Mike Nixon has seen so many insurance claims related to water problems resulting from broken lines to icemakers that he hasn't hooked up his own icemaker.
The trend in homeowners' claims seems to be more water-type losses, such as leaky faucets and broken lines to icemakers that cause damage to the floor (and to the floors below), said Nixon, who is vice president of insurance operations for Armed Forces Insurance.
Some tips from Nixon and other experts on filing such claims, and how those tips can be used as best practices for other types of mishaps.
PREVENT WHEN POSSIBLE
Wet: There are some things you can do to try to avoid or mitigate damage – check your roof for signs of wear, for instance, before any leaks develop.
Dry: Clear your yard of debris that could become window-shattering missiles during high winds. Too difficult? Then do something that doesn't require any heavy lifting: Put down the cellphone when you're driving.
Auto insurance rates are rising nationwide, Nixon said, in part because of distracted drivers. Another car tip: Keep good service records.
Wet: If there's any type of water damage, it's best to contact your insurance company immediately. "A lot of times, an insurance company will want to send someone out to take action so there's not an issue of mold," Nixon said.
Dry: Document your losses with photos and/or video, complete with descriptions, immediately – even before you begin cleanup.
TAKE NEEDED STEPS ... BUT DON'T OVER-REACH
Wet: Don't hire anyone to do major repairs without contacting the insurance company. It's one of the biggest mistakes seen by insurance officials, said Catherine Reese-Woodard, executive director of claims operations for USAA.

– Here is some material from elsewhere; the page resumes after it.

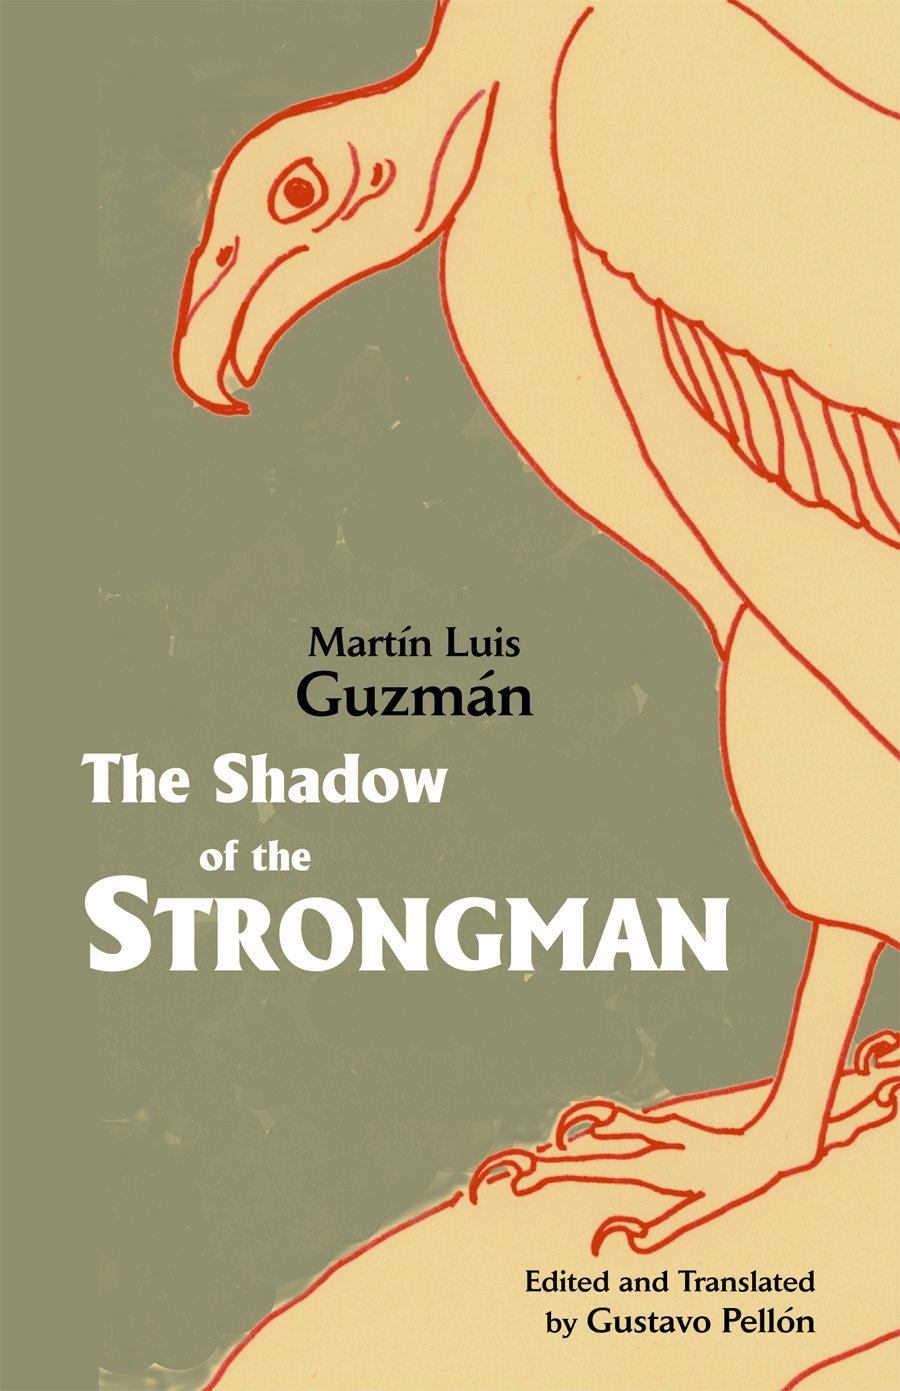 The Shadow of the Strongman | Martin Luis Guzman

That doesn't mean you should ignore the problem. If your roof is damaged and leaking, get someone to tarp it right away. Make sure you document damage and keep receipts. If you're not sure who to hire for the job, your insurer may be a good resource for temporary repairs.

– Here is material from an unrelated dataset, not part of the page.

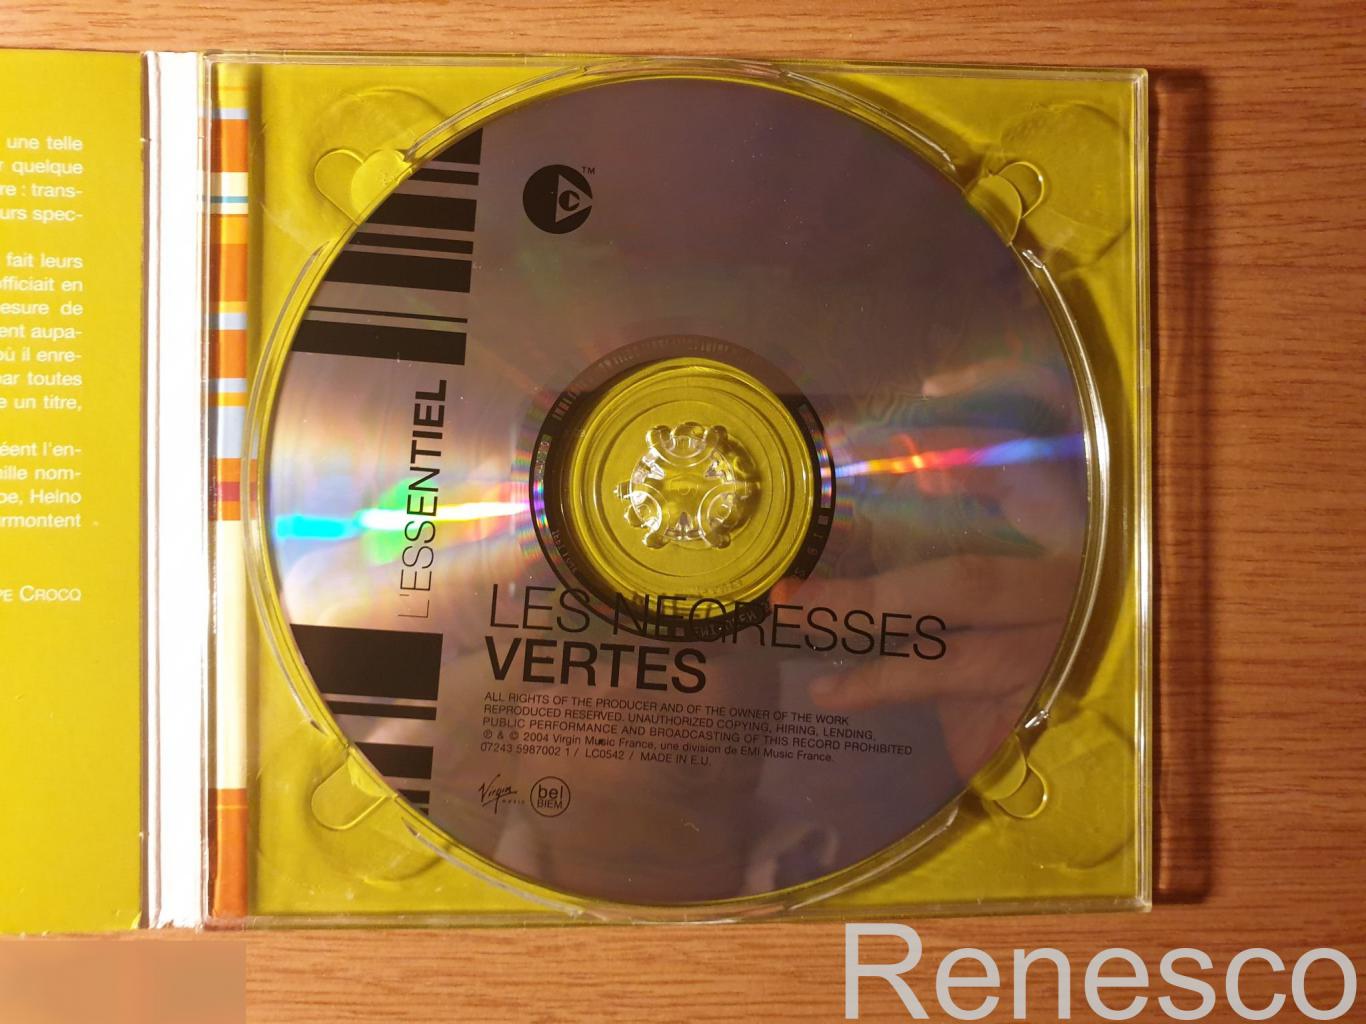 (CD) Les Negresses Vertes ?– L'essentiel (Europe) (2004) 4

Dry: Regardless of the claim, making repairs prior to filing may not cost you your coverage, "but it doesn't give us a chance to investigate it and make sure they get the best repairs possible," Reese-Woodard said. "We inspect it or an appraiser inspects it. A repair shop doesn't always have the same level of rigor that we do."
Wet: Bringing in someone to fix those soggy floors? Even if your insurance company doesn't have anyone local in its network, it may be able to offer some guidelines. USAA, for instance, provides members with questions to ask, such as whether the contractor is licensed and bonded, and how long they've been operating. They'll also review the company's estimate.
Dry: Scam artists can crop up at any time, but frequently appear after events that affect a swath of people. One example: Eager workers may descend on a neighborhood after a hailstorm.
"One argument we get is that they must have had roof damage because their neighbor did," Nixon said. That doesn't mean your roof was damaged.
FILE FAST … IF YOU FILE
Wet or dry: Don't wait too long to file a claim. Check with your insurer to see if there's a time limit. On the other hand, if the damage is less than your deductible, or just a little more, you may not want to file a claim.
"If your deductible is $500, you're better off not filing if the loss is $510," Nixon said.
If you already know who's going to do the work, get the company to take a look at the damage, and provide an estimate before you decide whether to file a claim. If you don't have a preferred company, the insurance company will have a list of referrals, and can negotiate if needed.
Those rules don't apply to water damage, where mold and other concerns make it more likely the insurance company will want to send someone out immediately.